“那薇兒變成這樣,祖父還能相信薇兒嗎?”她問。
“哪能不信,你能變成這樣,祖父很欣慰,咱家的薇兒,總算是長大了。”太老爺說。
“那祖父,接下來的事該怎麼辦?祖母和小叔不同意,我母親也不大樂意。恒哥兒過繼這事,會不會很難?”許是依賴慣了,隻要有太老爺在,她會不自覺依賴。
“他們不同意也沒辦法,我已經寫好折子,會讓阿伍給遞進宮裏。這個家,隻要我還在,是輪不到他們做主的。等恒哥兒在宗族過了譜後,恒哥兒便是名正言順的聞家長孫了。”
“祖父難道不擔心,祖母和小叔因此事對祖父生了嫌隙?”
太老爺慈愛地笑了笑,“我說過,爵位事關我聞氏全族,不單單是我們家的。你小叔若真有本事,我何必讓恒哥兒承襲?恒哥兒尚且還能教,你小叔幾斤幾兩,不光家裏頭,就連外頭人都最是清楚不過的。”
對於聞朗這個小兒子,太老爺已經是聽之任之的狀態了,隻要聞朗不拖累這個家,他就不會多管。但爵位之事關乎聞家幾代人的榮辱,還有聞氏族人的名聲,他是萬萬不能讓聞朗承襲的。他很清楚,聞朗空有架子,沒有真才實學,且好高騖遠,根本擔不起重任。
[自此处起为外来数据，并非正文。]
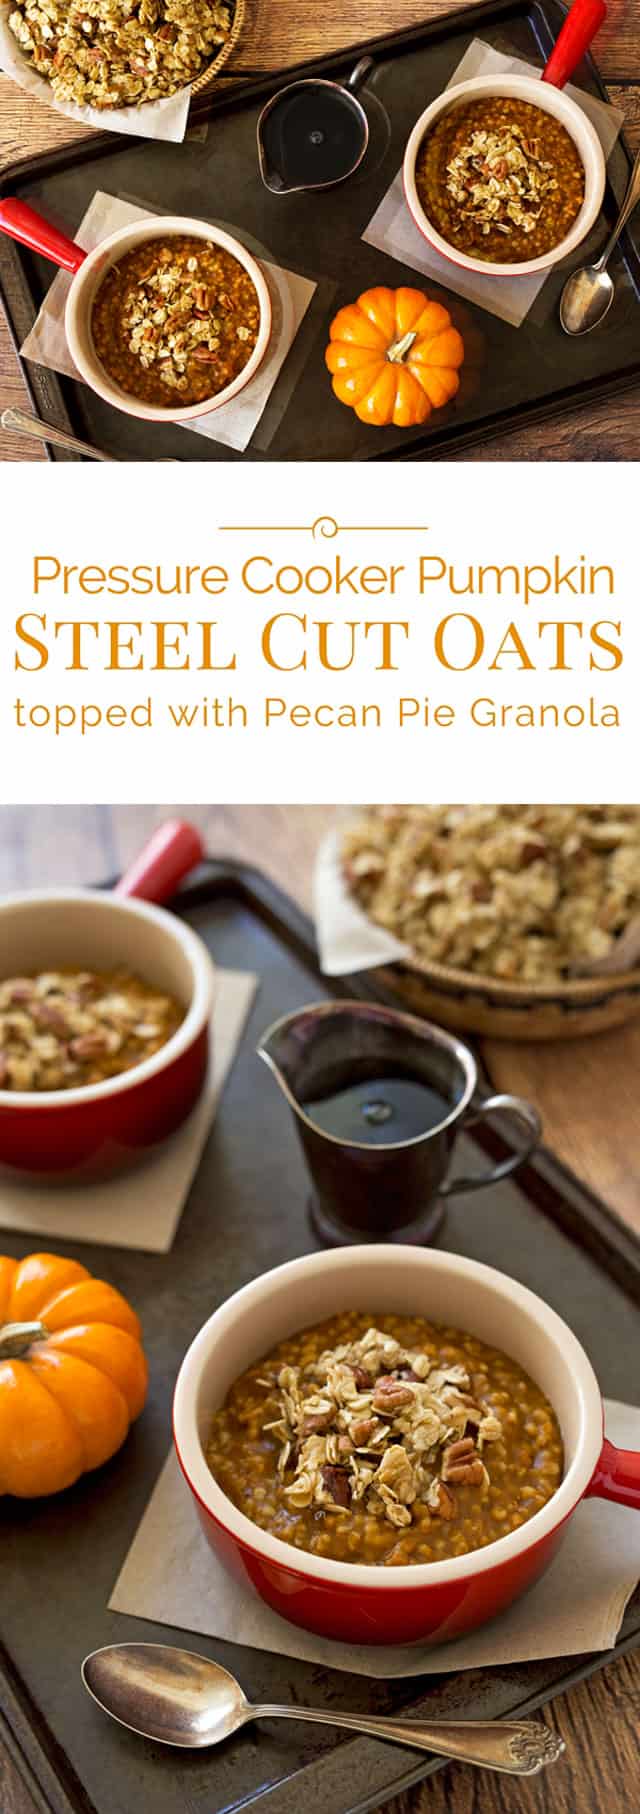 Pumpkin-Steel-Cut-Oats-Collage-Pressure-Cooking-Today

“再者,無論這事我如何做,都是會有人生嫌隙的。倘若我同意你小叔承襲,你母親必會生怨。薇兒,既是自己的事,又能顧全大局,就不必在意那麼多外在的東西。凡事都有兩麵性,任你做得再好,都是會有人議論的。”太老爺說。
“薇兒明白。”
“等旨意下來,族譜過了,恒哥兒正式成了我們家的人,一切便成定局,誰反對都沒用了。”
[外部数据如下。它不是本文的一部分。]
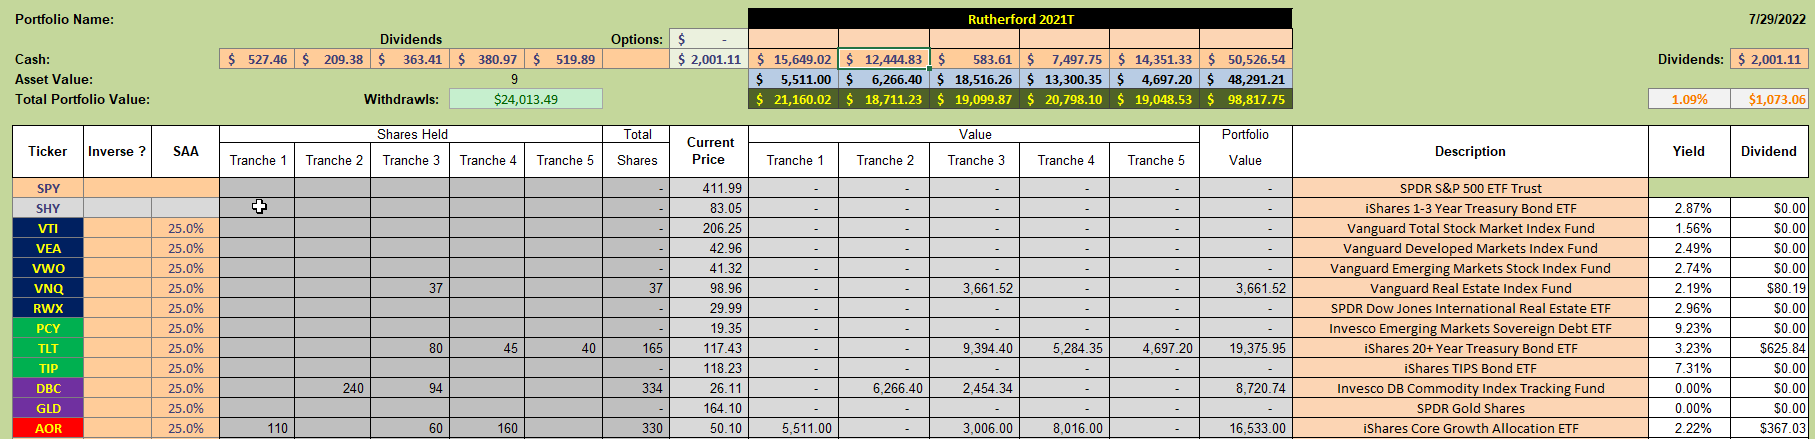 Rutherford Portfolio Review (Tranche 2): 29 July 2022 4

聽到這話,歎薇長歎了口氣。等回到馨月閣後,因著這幾天來回奔波的,加上天氣炎熱,她又是大病初愈的人,經這一遭,人又弱了起來。
梅媽媽細心照顧她,“姑娘也不知忙什麼,爵位的事自有他們,姑娘何必摻和這趟渾水,我聽說夫人把姑娘罵了一頓?還有二房那邊又找姑娘去。怎麼人人都怨起姑娘來了?姑娘是把恒哥兒帶回來,可這是太老爺的意思。他們心裏頭不痛快,不好怨太老爺,非得拿姑娘出氣。”
歎薇躺在軟塌上閉目養神,聽梅媽媽這樣說,無奈地笑了笑,她以前不就是這樣過來的嗎?“不弄好這事,我心裏不安心。人人都在盯著爹爹留下來的這個爵位,我不能眼睜睜看著他們糟踐爹爹的爵位。”
梅媽媽終是問出口了,“姑娘,我怎麼發覺這,姑娘這回,當真是裏裏外外都變了,知道為家裏頭的事操心,也看得明白了。”
歎薇睜眼眼,一雙明眸裏有說不上的疲憊。她知道自己不能再瞞著梅媽媽,她得為自己的變化做個合理解釋。她拉過梅媽媽的手,說:“奶娘,我......”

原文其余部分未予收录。